**Task instructions**:
Both the line with "ton] 1100 1875" and the line with "300 млн лет" in the records below must appear in the output, along with every line between them, exactly and with nothing added.

**Source data**:
● ● ● ● ●
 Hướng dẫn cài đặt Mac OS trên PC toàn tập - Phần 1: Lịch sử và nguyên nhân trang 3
● ● ● ● ●
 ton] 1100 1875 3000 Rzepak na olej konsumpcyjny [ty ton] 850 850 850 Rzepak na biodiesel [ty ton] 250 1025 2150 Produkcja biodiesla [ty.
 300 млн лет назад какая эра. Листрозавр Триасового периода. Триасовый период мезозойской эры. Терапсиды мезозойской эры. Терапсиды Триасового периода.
● ● ● ● ●
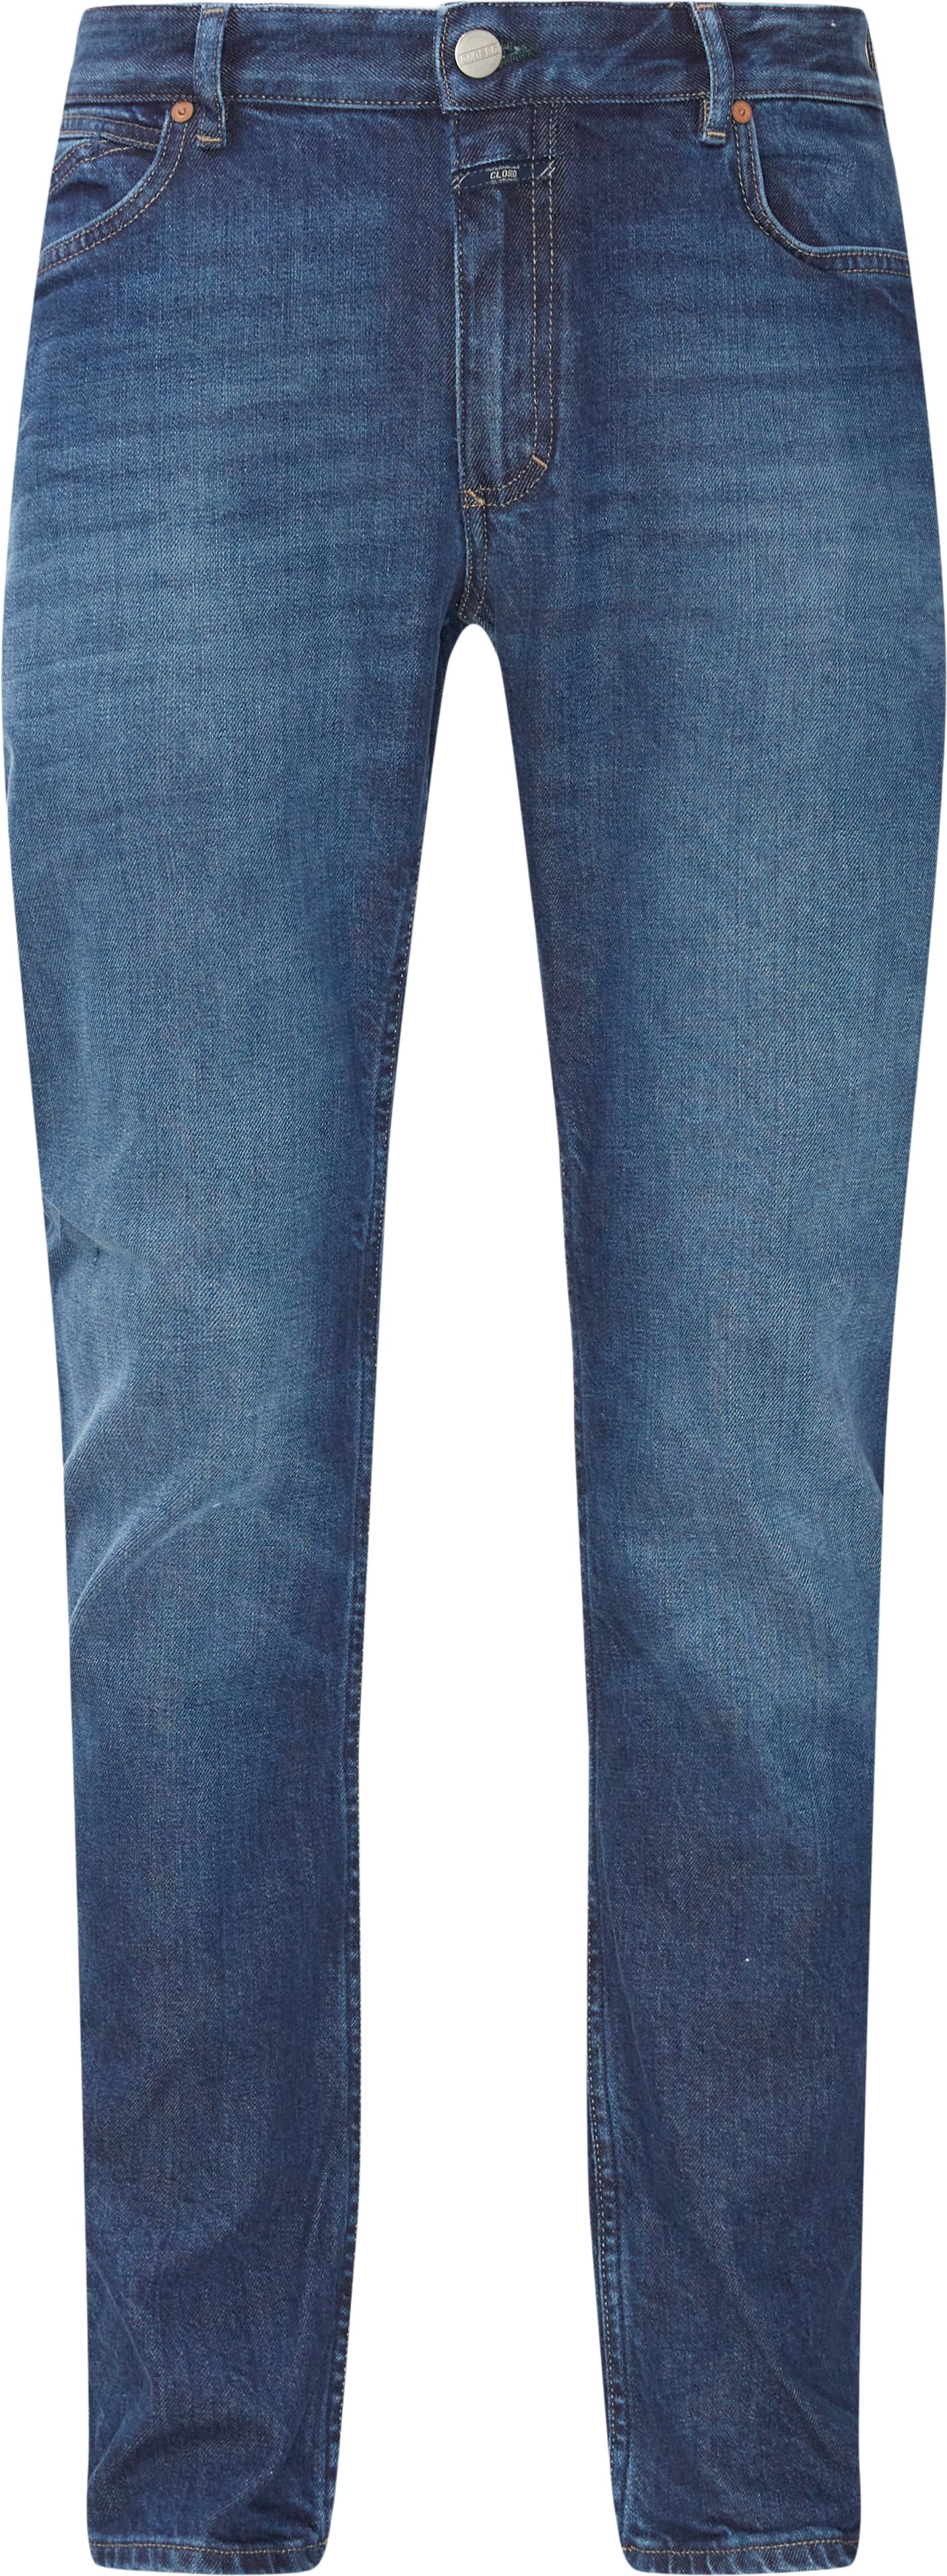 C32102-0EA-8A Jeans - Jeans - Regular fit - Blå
● ● ● ● ●
**Response to the task**:
 ton] 1100 1875 3000 Rzepak na olej konsumpcyjny [ty ton] 850 850 850 Rzepak na biodiesel [ty ton] 250 1025 2150 Produkcja biodiesla [ty.
 300 млн лет назад какая эра. Листрозавр Триасового периода. Триасовый период мезозойской эры. Терапсиды мезозойской эры. Терапсиды Триасового периода.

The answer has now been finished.